BEGIN Data for this exercise

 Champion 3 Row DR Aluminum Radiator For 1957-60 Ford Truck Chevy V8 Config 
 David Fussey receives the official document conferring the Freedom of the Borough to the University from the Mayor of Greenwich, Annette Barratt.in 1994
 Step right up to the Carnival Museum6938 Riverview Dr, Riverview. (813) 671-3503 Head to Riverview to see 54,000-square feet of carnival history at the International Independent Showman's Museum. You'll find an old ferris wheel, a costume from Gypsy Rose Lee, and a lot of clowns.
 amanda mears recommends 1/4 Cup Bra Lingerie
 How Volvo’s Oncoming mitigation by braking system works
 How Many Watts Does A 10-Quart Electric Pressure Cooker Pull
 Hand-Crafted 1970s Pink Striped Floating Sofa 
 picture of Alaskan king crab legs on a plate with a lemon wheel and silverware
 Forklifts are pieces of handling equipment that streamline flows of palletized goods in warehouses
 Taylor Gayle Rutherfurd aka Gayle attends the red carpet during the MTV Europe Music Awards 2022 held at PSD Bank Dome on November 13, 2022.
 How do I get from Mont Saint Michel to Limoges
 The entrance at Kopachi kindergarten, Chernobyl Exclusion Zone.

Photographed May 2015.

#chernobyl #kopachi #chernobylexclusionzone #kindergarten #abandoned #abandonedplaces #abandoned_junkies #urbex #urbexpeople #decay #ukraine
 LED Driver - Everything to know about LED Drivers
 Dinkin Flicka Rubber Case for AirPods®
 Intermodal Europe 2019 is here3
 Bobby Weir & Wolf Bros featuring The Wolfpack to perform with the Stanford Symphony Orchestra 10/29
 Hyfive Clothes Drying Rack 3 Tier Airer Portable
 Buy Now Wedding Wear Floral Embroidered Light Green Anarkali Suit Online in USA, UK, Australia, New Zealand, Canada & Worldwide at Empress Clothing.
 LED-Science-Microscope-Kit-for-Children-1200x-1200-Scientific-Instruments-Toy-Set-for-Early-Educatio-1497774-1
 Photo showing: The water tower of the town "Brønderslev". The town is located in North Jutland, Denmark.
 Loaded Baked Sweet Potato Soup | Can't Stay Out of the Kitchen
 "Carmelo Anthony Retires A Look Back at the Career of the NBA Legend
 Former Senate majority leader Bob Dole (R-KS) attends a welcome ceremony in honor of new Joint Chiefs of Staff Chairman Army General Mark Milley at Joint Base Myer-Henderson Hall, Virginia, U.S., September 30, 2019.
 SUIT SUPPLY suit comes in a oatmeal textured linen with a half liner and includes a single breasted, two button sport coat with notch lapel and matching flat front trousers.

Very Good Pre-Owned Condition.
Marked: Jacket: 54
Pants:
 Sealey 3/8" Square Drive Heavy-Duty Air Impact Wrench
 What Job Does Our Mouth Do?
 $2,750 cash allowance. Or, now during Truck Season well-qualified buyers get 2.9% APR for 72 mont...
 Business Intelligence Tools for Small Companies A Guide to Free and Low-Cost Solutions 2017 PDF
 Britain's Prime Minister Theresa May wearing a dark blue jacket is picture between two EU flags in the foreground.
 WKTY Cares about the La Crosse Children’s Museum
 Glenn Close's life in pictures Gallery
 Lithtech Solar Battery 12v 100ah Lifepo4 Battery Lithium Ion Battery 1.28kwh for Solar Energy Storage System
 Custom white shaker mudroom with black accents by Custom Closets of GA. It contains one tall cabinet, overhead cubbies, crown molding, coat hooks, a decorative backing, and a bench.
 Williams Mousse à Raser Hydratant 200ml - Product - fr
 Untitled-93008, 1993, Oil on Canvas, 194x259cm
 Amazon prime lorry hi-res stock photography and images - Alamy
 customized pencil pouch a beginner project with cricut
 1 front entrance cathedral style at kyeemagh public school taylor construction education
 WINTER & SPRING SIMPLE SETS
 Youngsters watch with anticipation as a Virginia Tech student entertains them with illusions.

END Data for this exercise

What you will do ->
Output the line containing "WINTER & SPRING SIMPLE SETS" and each line after it through the close of the entries, unchanged and with no other lines.

Response to the task ->
 WINTER & SPRING SIMPLE SETS
 Youngsters watch with anticipation as a Virginia Tech student entertains them with illusions.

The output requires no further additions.